Use grep, find, and read to identify key files, entry points, and patterns.
Append findings as a '## Codebase' section to: ${RESEARCH_FILE}" \
  --model openai/gpt-4.1-mini

After all researchers complete, a synthesis step merges findings and stamps the plan:

gsd -p "Read ${RESEARCH_FILE}. Synthesize all sections into a one-line summary.
Update the plan file .agents/plans/${PLAN}-plan.md frontmatter:
set research_status: done, research_completed_at: $(date '+%Y-%m-%d %H:%M'),
research_summary: <one-line synthesis>, research_sources: <union of all sources>." \
  --model openai/gpt-4.1-mini

The research file is passed to the build phase to eliminate cold-start. The builder knows the codebase landscape before it writes a single line.


Closing

The harness doesn’t replace the developer - it gives AI agents the same guardrails a senior engineer uses: spec first, test before ship, cap your retry loops, isolate your environments.

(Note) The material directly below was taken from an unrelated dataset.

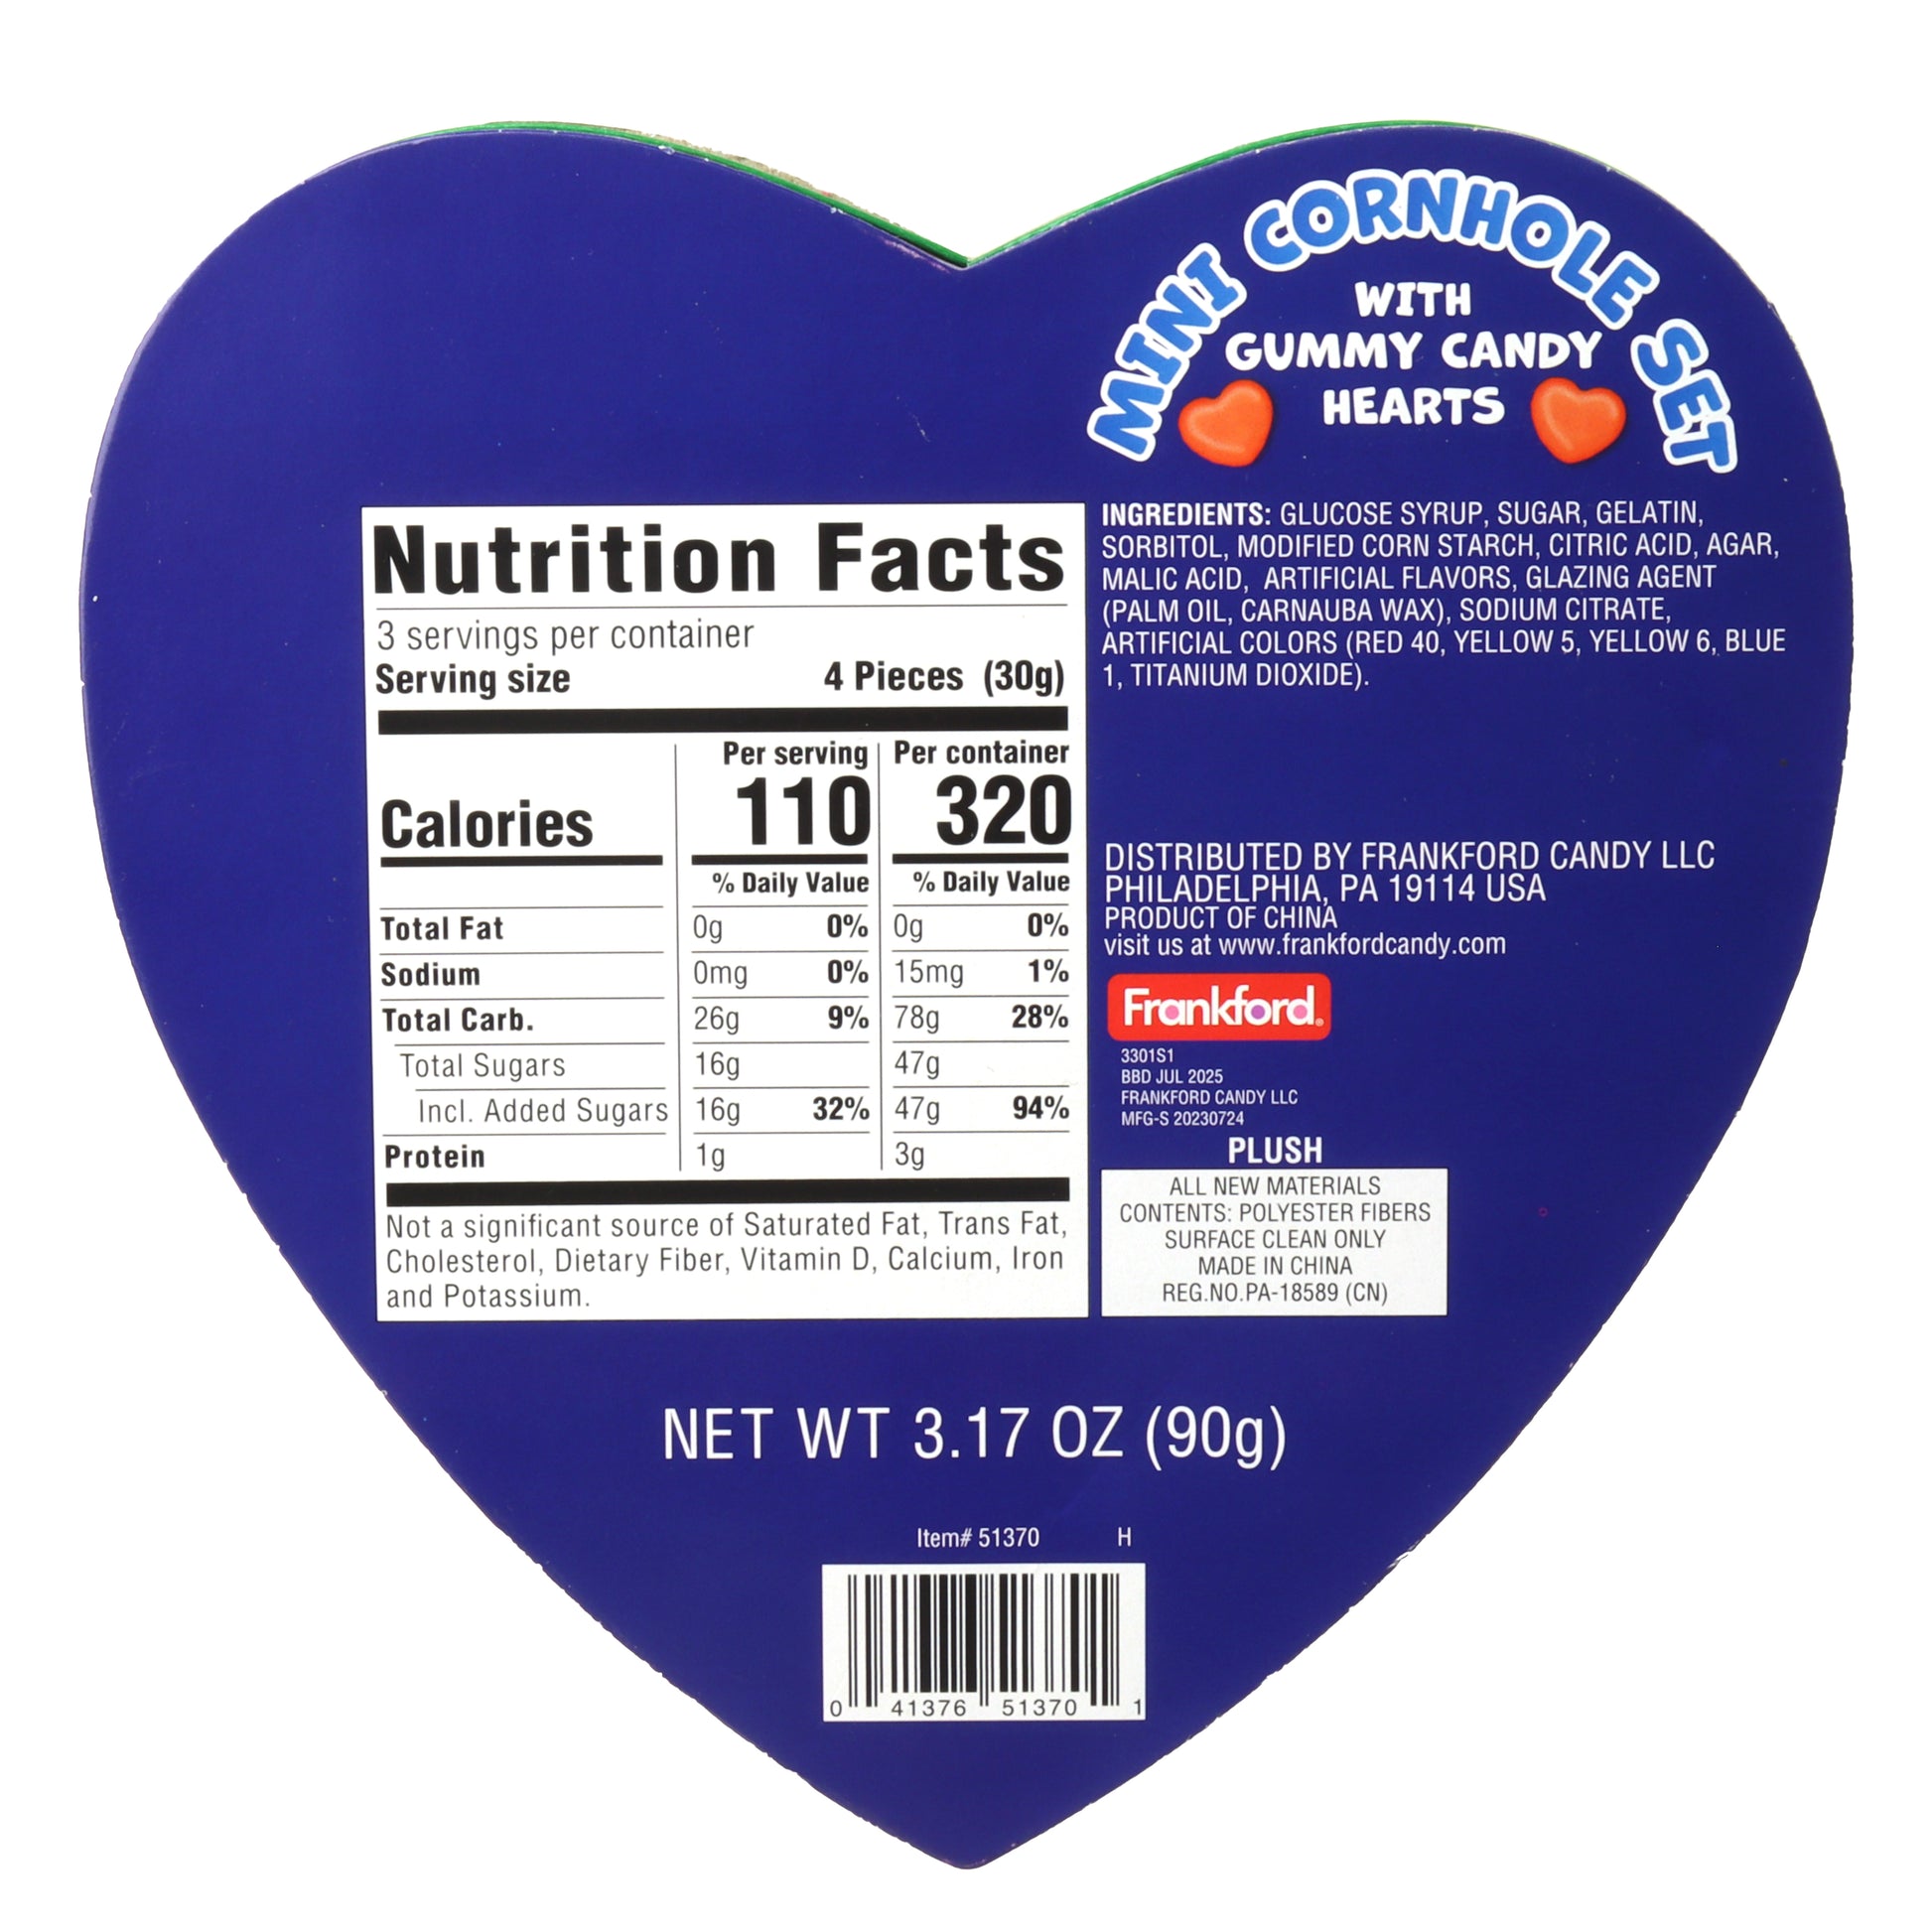 Blue heart shaped box with nutrition information

The result is a pipeline you can hand off without babysitting. The plan file tells you exactly where any run failed and why. The DET steps give you deterministic checkpoints that no hallucination can skip past. The sprites keep concurrent builds from stepping on each other. And the routing table means a failing build becomes an input to the next plan, not a prompt for the agent to make something up.

That’s the harness. Ship it, don’t babysit it.